Select Page

Neither company crushed Wall Street earnings expectations, but both reported good enough news in a very tough environment.

I own PepsiCo in my long-term 50 Stocks Portfolio, where it was up 220.4% from my initial December 30, 2008 pick as of the close on April 26. I will add the stock to my 12-18 month Jubak Picks Portfolio tomorrow, April 27, with a target price of $190 a share. The stock pays a 2.47% dividend.

I own shares of Coca-Cola in my Jubak Picks Portfolio, where it was up 29.8% from my February 19, 2021 pick, and in my Dividend Portfolio, where it was up 41.75% from my May 1, 2020 pick. (The stock pays a dividend of 2.67%.) Tomorrow, April 27, I will add shares of Coca-Cola to my long-term 50 Stocks Portfolio. In addition I will raise the target price on Coca-Cola in my Jubak Picks Portfolio to $78 from the current $56 a share.

First up PepsiCo earnings. The company posted core earnings of $1.29 a share, beating estimates of $1.23 a share. Revenue rose more than 9% to $16.2 billion, higher than forecasts for $15.5 billion. Organic revenue growth at PepsiCo was 13.7% in the quarter. The company said it expects inflation in the cost of its ingredients to cut that earnings growth in the remainder of 2022. Full-year organic revenue will increase by 8% (versus a previous forecast of 6%), the company projects, and core constant currency earnings per share will grow by 8%.

The company said it expects core earnings in 2022 of $6.63 a share, a 6% increase from last year. It is also planning to return approximately $7.7 billion to shareholders in the form of $6.2 billion in dividends and $1.5 billion in stock buybacks.

Second up Coca-Cola earnings. Coke’s organic revenue, which strips out currency swings as well as acquisitions or divestitures, rose 18% in the quarter as unit case volume rose 8%. The company was able to offset a 17% increase in the cost of goods sold by raising prices and finding savings in marketing and packaging. Coke’s operating income increased 25% to $3.41 billion from a year earlier. For the quarter, Coke posted a profit of $2.78 billion, or 64 cents a share, compared with $2.25 billion a year earlier. Analysts were expecting earnings of 58 cents a share. Sales rose 16% to $10.49 billion. Analysts were looking for $9.83 billion.

The company did not raise its earnings guidance for the year. CEO James Quincey called the 2022 recovery “asynchronous.” The company expects sales at stadiums, movie theaters, and restaurants to rebound as more consumers grow comfortable going out amid waning pandemic restrictions. But operating conditions–namely inflation–will be more challenging than expected.

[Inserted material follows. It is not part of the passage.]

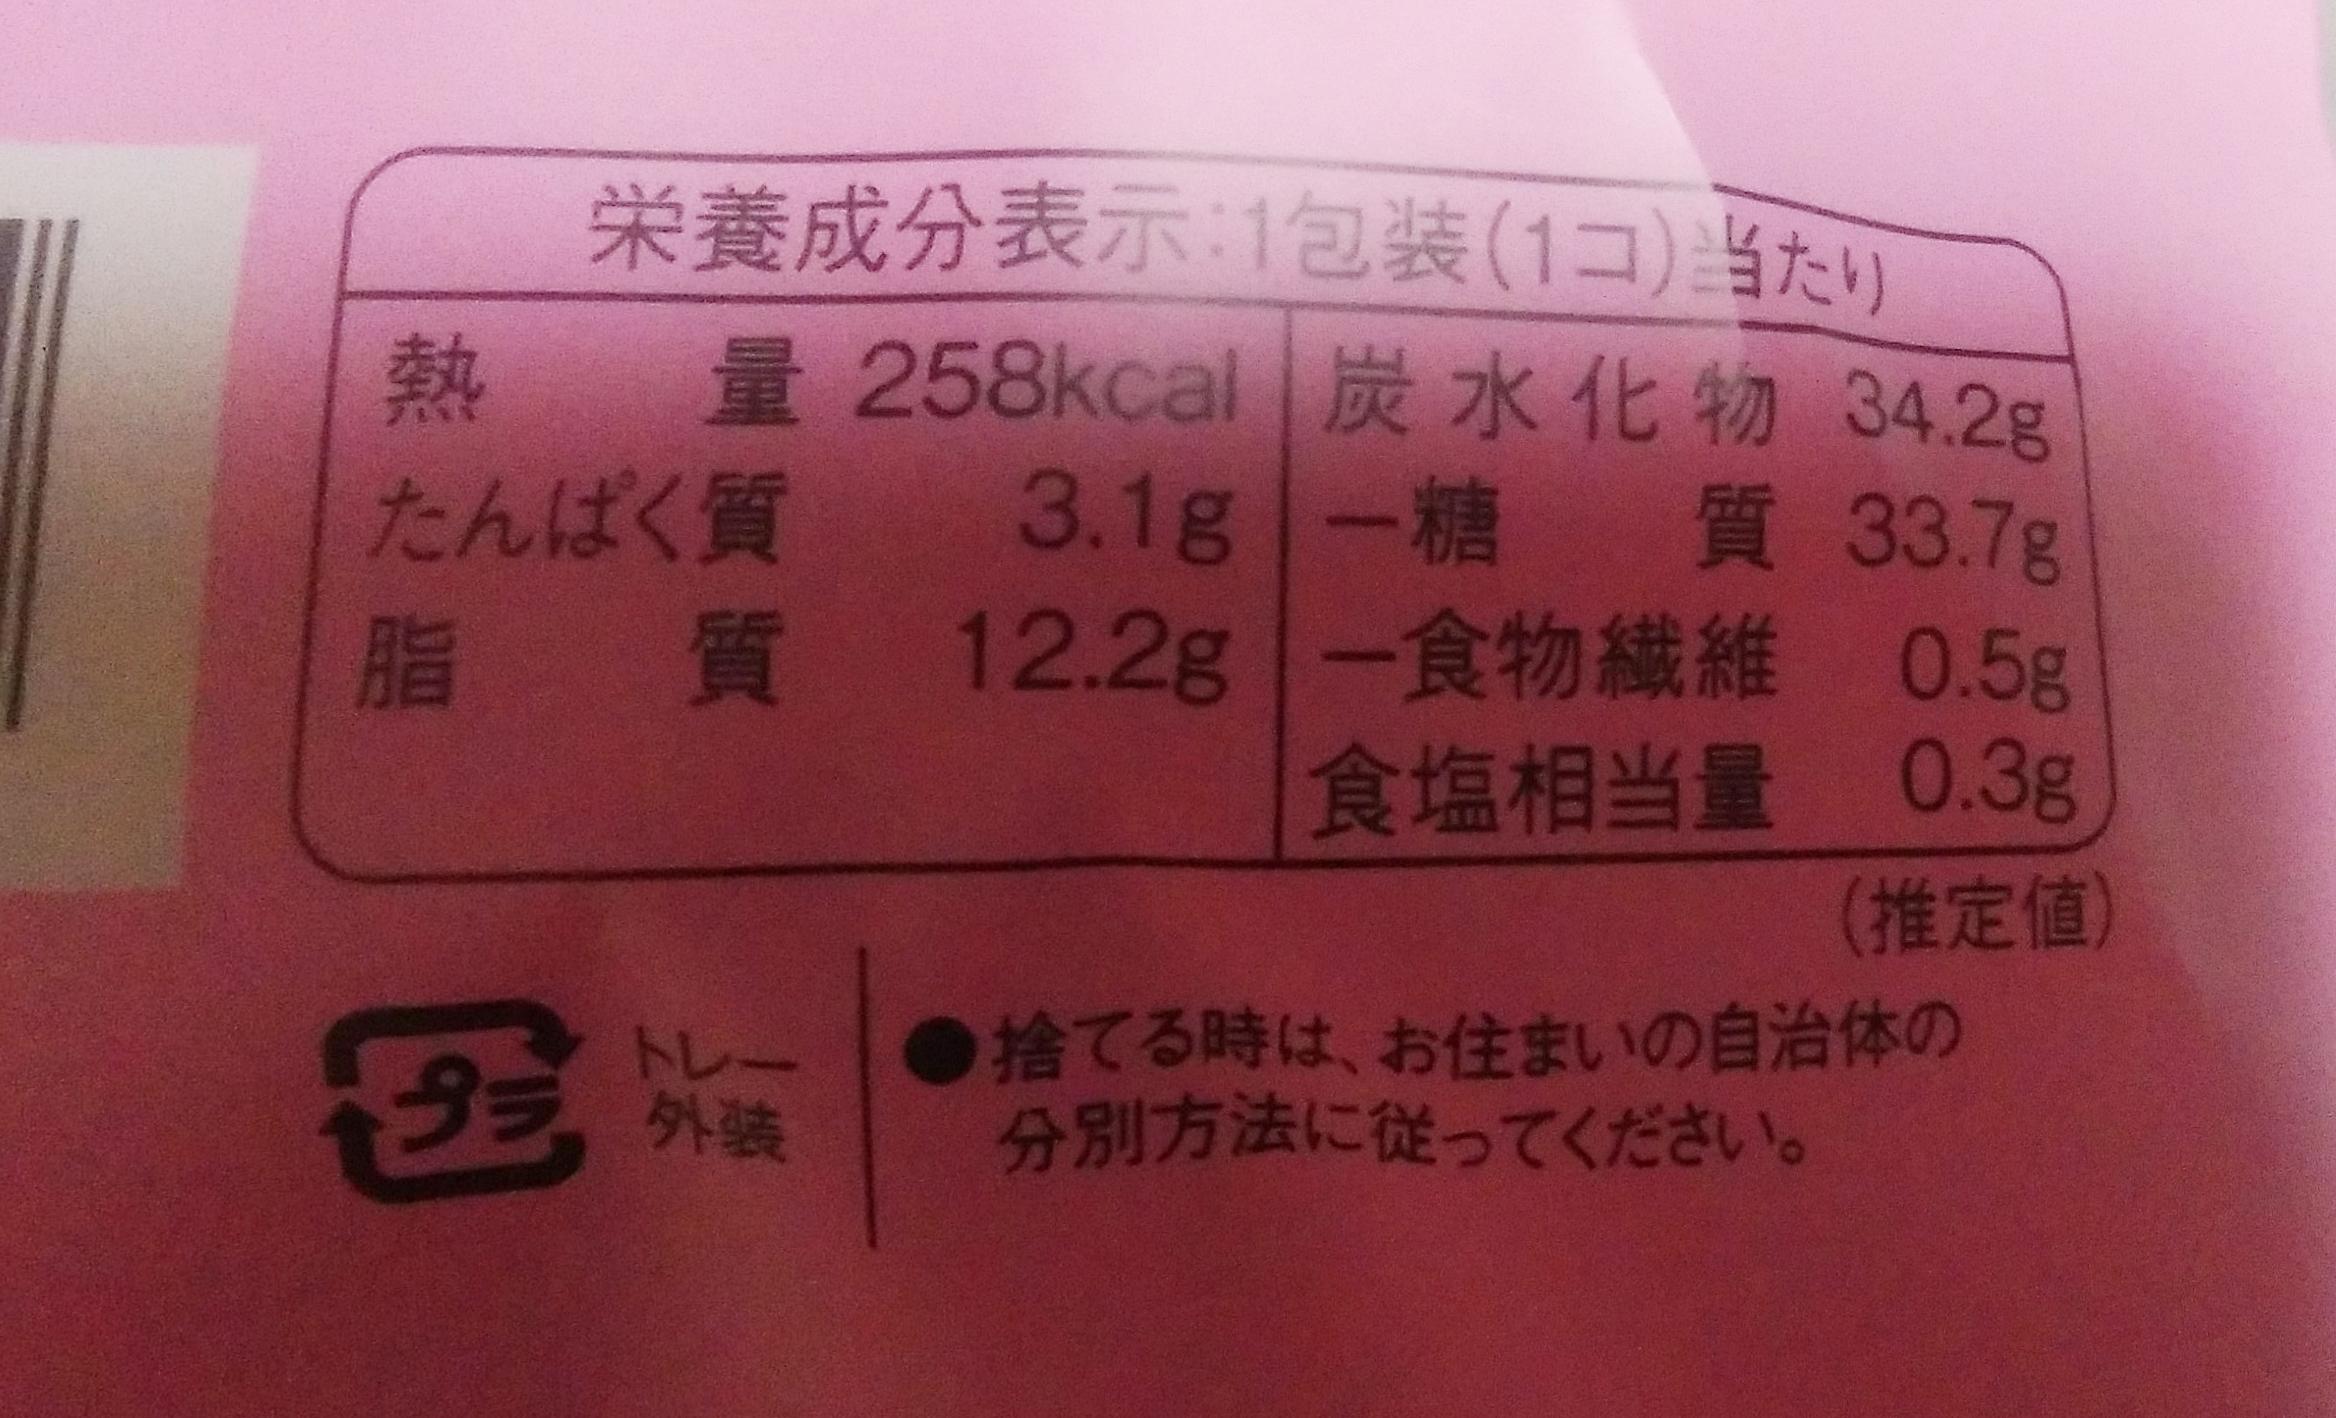 ウチカフェスイーツおすすめ2021!甘さ控えめ・甘い商品に3選!72
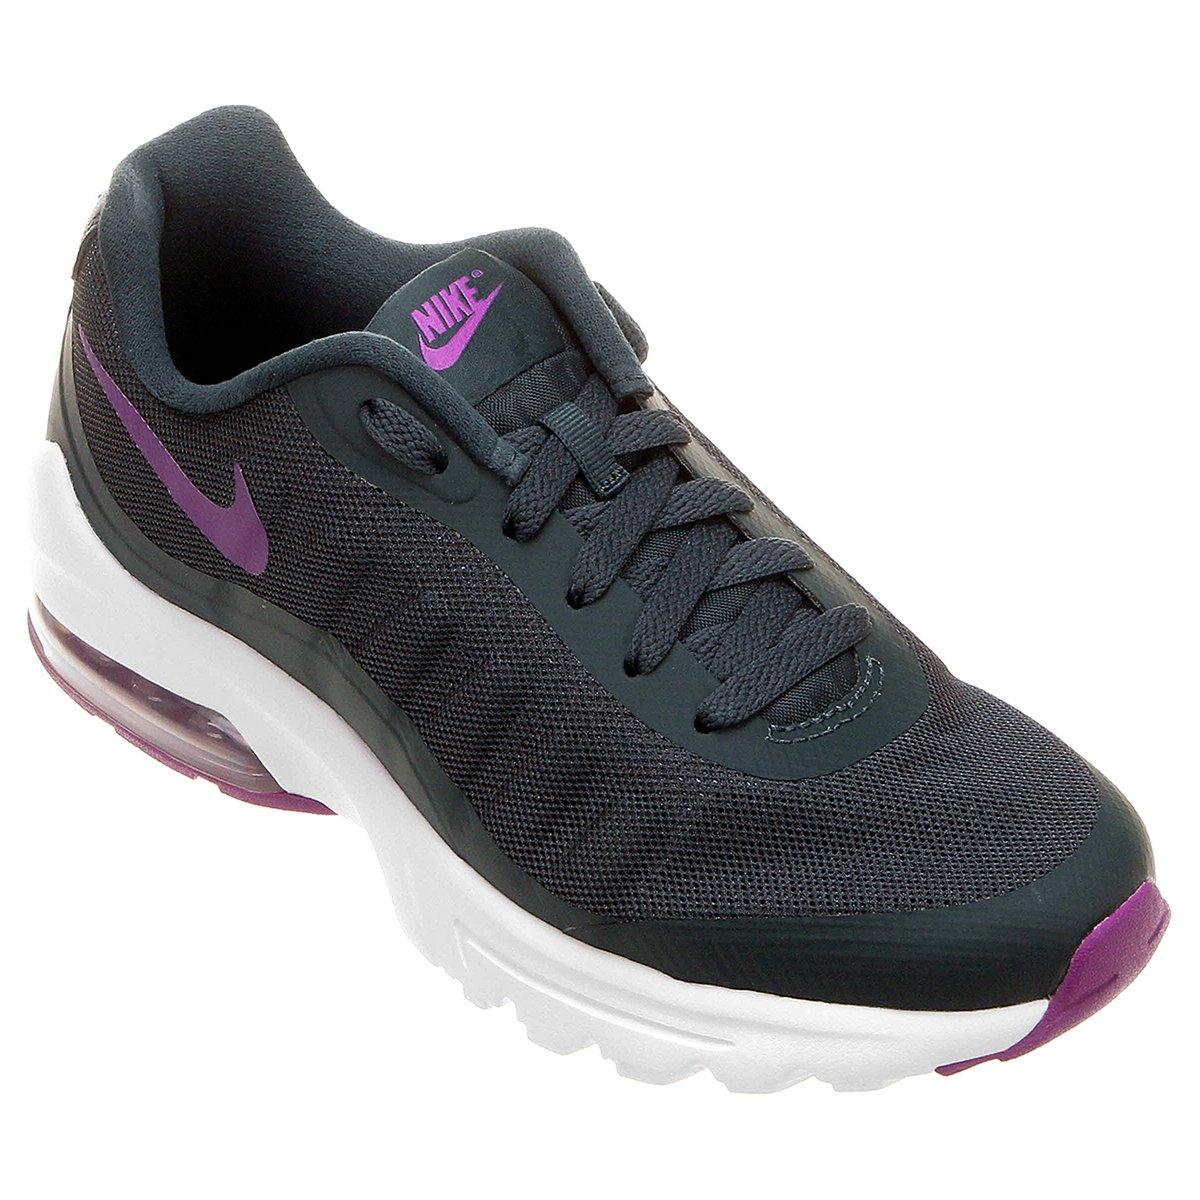 Tênis Nike Air Max Invigor - Compre Agora  20811e0e84bd6

Increasing my portfolio exposure to these two consumer staples giants is in line with my expectations that the economy will face dual challenges over at least the next 12 months from high inflation and slowing growth as the Federal Reserve raises interest rates to damp inflation. (Along this theme I recently added shares of the Consumer Staples Select Sector SPDR ETF (XLP) to my Perfect Five ETF Portfolio on The shares of big consumer companies with pricing power do better than the market as a whole during that kind of economy. I also like the season effect (post-Pandemic) for these companies as warmer weather increases consumer activity and thirst.